Eleven days after the assassination and less than 60 miles from Washington, Booth was found behind a weather-beaten tobacco barn. Troops formed a tight ring around the barn and were instructed to fire only if absolutely necessary.

“We’ll give you just five minutes to surrender,” screamed a soldier, “then we’ll set the barn on fire.”

They waited and then torched the barn. Flames cracked and enveloped the building. From outside a shot could be heard and soldiers found a Lt. Baker standing over Booth inside the barn, “He shot himself.”

They laid the body outside on the grass underneath a locust tree. Booth died as the sun rose on Wednesday, April 26, the day the Confederate force, under Gen. Joe Johnston surrendered.

Did he die by his own hand? Was he killed? No one seemed to know for sure until a member of the troop stationed at the rear of the barn spoke up:

“I did it, sir. I shot John Wilkes Booth.” Why did he shoot after being instructed not to? “Providence, sir,” he replied. “Providence directed me to do it. I heard the voice of God.”

A John Wilkes Booth Reward broadside surfaced about 15 years ago in the estate of an old-time Long Island collector. There have been no recent auction appearances of this particular variation until now. Two Midwest collectors battled in Wallington, N.J., at Provenance Auctioneers until the hammer fell on the broadside, $17,152.

This type of ephemeral printing is actually older than book printing. Historians believe that broadsides paint a true picture of the past. It’s a firsthand look, uninterrupted by the historian’s voice, the photographer’s flash or the painter’s brush.

Q. How about old comic books?
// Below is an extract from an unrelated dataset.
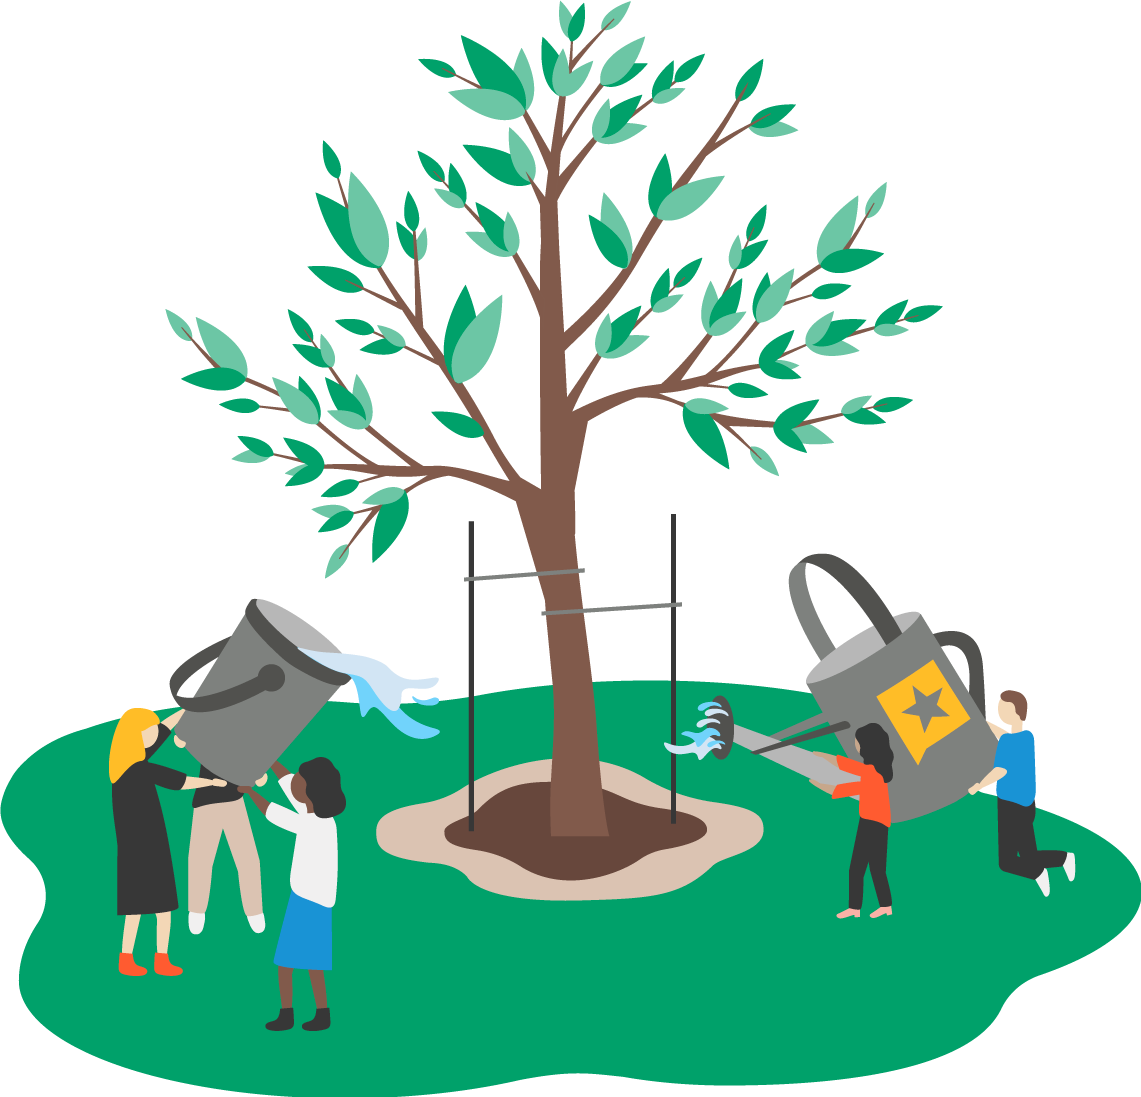 Illustration: People working together to water a tree.

I came across seven issues of Pizazz, a comic book from 1978. They published a few issues and then went out of business. Can you help? E.S. DeBlander, Cranberry, Pa.

A. Reading about superhuman heroes and funny nincompoops fits into the world of kids ranging in age from 4 to 94. The comic book compulsion often starts early and stays late.

The funnies help us relive the past. They force us grin at imperfection, and sometimes ease the sting of a life filled with too much reality.

Like many collectibles, age is a big consideration. The “Early” period starts with the invention of the newspaper comic strip in 1895. Names like Hogan’s Alley featuring the Yellow Kid-a motley tike in what looks like a yellow nightshirt. Copies of yellowed newspapers featuring these strips are hard to come by today, but choice.

The modern paperbound comic book most of us are familiar with started as an advertising giveaway by Procter and Gamble in 1933. They were called Funnies on Parade. In 1934, newspaper racks started carrying comic books priced at a dime each. This was the Famous Funnies series featuring strips like Joe Palooka. These comic books ran monthly over a 20-year period.

Many collectors prefer the comics dating from the Golden Age that began in 1938 with Action Comics No. 1. Names like Superman and Captain Marvel top the list of this series.

The Silver age comes next featuring the ghouls and super heroes like Spider-Man. Your comic books are worth about $5-10 a piece in good condition.